Eine Variante der dezentralen Lüftung ist die mechanische oder automatisierte Fensterlüftung. Sie sorgt für Frischluftzufuhr, beispielsweise über Lüftungsklappen in den Fensterrahmen oder über sensorgesteuerte regelmäßige Fensteröffnung. In der Regel haben solche Anlagen keine Wärmerückgewinnung. Das bedeutet, dass im Winter kühle Luft in die Räume kommt und im Sommer heiße Luft.

Eine zweite Option sind dezentrale Lüftungsgeräte. Sie kommen vor allem in Bestandsbauten zum Einsatz und eignen sich gut für die Nachrüstung, weil keine Lüftungskanäle installiert werden müssen. Pro Raum kommt ein Lüftungselement in die Nähe der Fenster. Es sorgt für die Be- und Entlüftung. Bei neueren Systemen ist Wärmerückgewinnung möglich. Dann ist ein Wärmetauscher in die Systeme integriert. Er sorgt dafür, dass der ausströmenden Luft Wärme entzogen wird. Dabei werden Zuluft- und Abluftstrom getrennt. Damit vermeidet man, dass verbrauchte Luft zurück ins Gebäude gelangt.

In der Regel sind die Anschaffungskosten für dezentrale Systeme geringer als bei zentralen Systeme, da keine Lüftungskanäle verlegt werden. Die Betriebs- und Wartungskosten können aber durch die Anzahl der Einzelgeräte etwas höher sein als bei zentralen Lüftungsanlagen. Aus Sicht der Benutzer haben diese Anlagen den Vorteil, dass sie selbst einstellen können, wie stark gelüftet wird. In der Regel wird außerdem eine Grundlüftung aktiviert, die zur Einhaltung von Feuchte- und Hygienestandards notwendig ist.

Lüftungseinbau, inklusive Filter. (© Cyril Comtat - Fotolia.com)

Lüftungseinbau, inklusive Filter. (© Cyril Comtat – Fotolia.com)

Zentrale Lüftungssysteme

Am meisten Komfort bieten zentrale Anlagen mit Wärmerückgewinnung. Sie saugen frische Außenluft an, filtern sie und nutzen die Wärme aus der Abluft, um die angesaugte Luft vorzuwärmen.

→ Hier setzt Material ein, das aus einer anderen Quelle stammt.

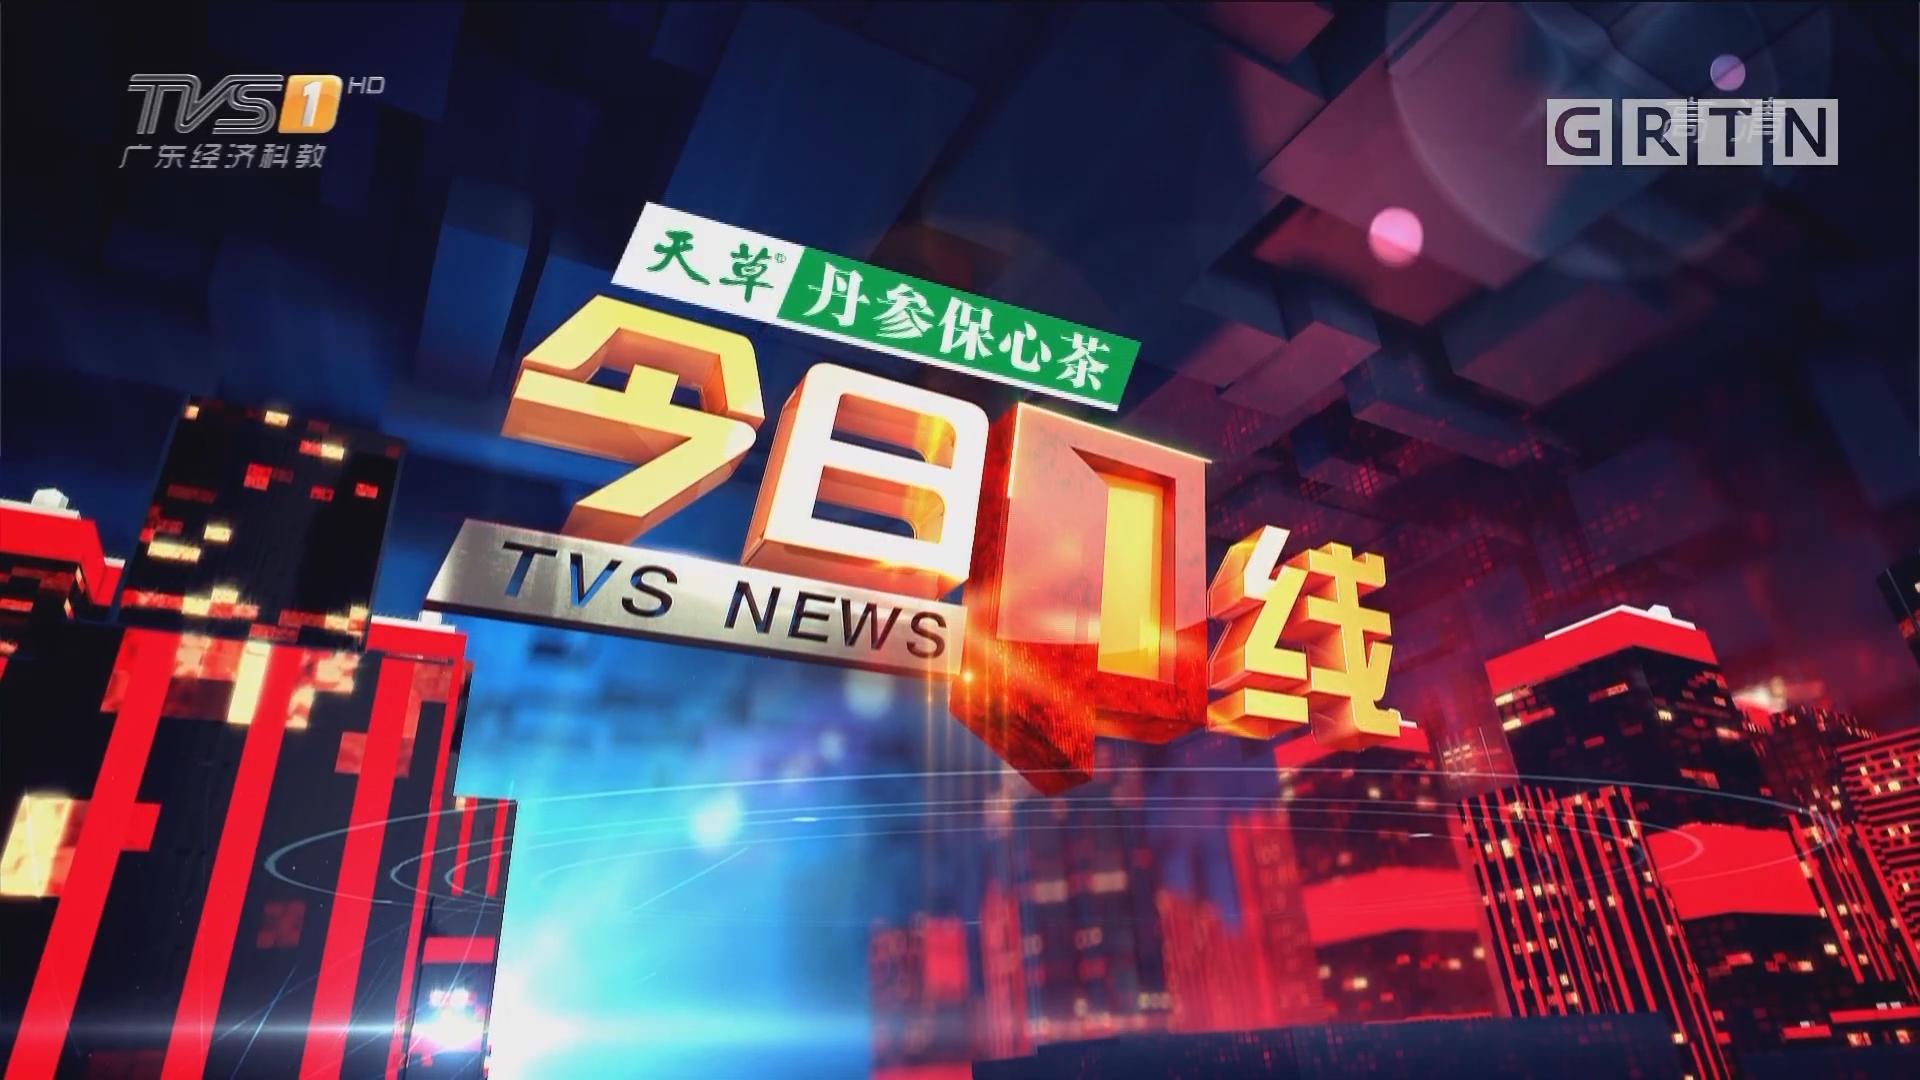 [HD][2018-02-23]今日一线:关注出租车营运乱象:广州 2公里路程 的士最少要价30

Sie bieten auch die Möglichkeit, sich über Pollenfilter vor unerwünschten natürlichen Schadstoffen zu schützen.

Moderne Systeme nutzen zusätzlich Erdwärme. Damit wird im Winter die Luft vorgewärmt, im Sommer kann sie gekühlt und die Wärme an das Erdreich abgegeben werden. Das hilft, den Energieverbrauch des Hauses zu reduzieren.
Für solche zentralen Lüftungsgeräte muss ein Luftkanalsystem verlegt werden. Sie eignen sich deshalb besonders für den Neubau oder dann, wenn ein Haus entkernt und Decken und Wände neu gestaltet werden.

Komplettlösungen

Außerdem gibt es noch so genannte Kompaktgeräte. Diese sorgen für Heizung, Belüftung und Warmwasserversorgung. In der Regel holen sie sich die dazu notwendige Wärme aus der Abluft, wenn das nicht reicht, nutzen sie einen Heizstab. Sie finden Einsatz in Passivhäusern, die über die Lüftung heizen. Sie erfordern sorgfältige Planung und Auslegung. In den letzten Jahren haben sich auch Systeme etabliert, die Feuchte rückgewinnen oder zumindest mit Feuchtesensoren arbeiten. Das schützt vor zu trockener Luft.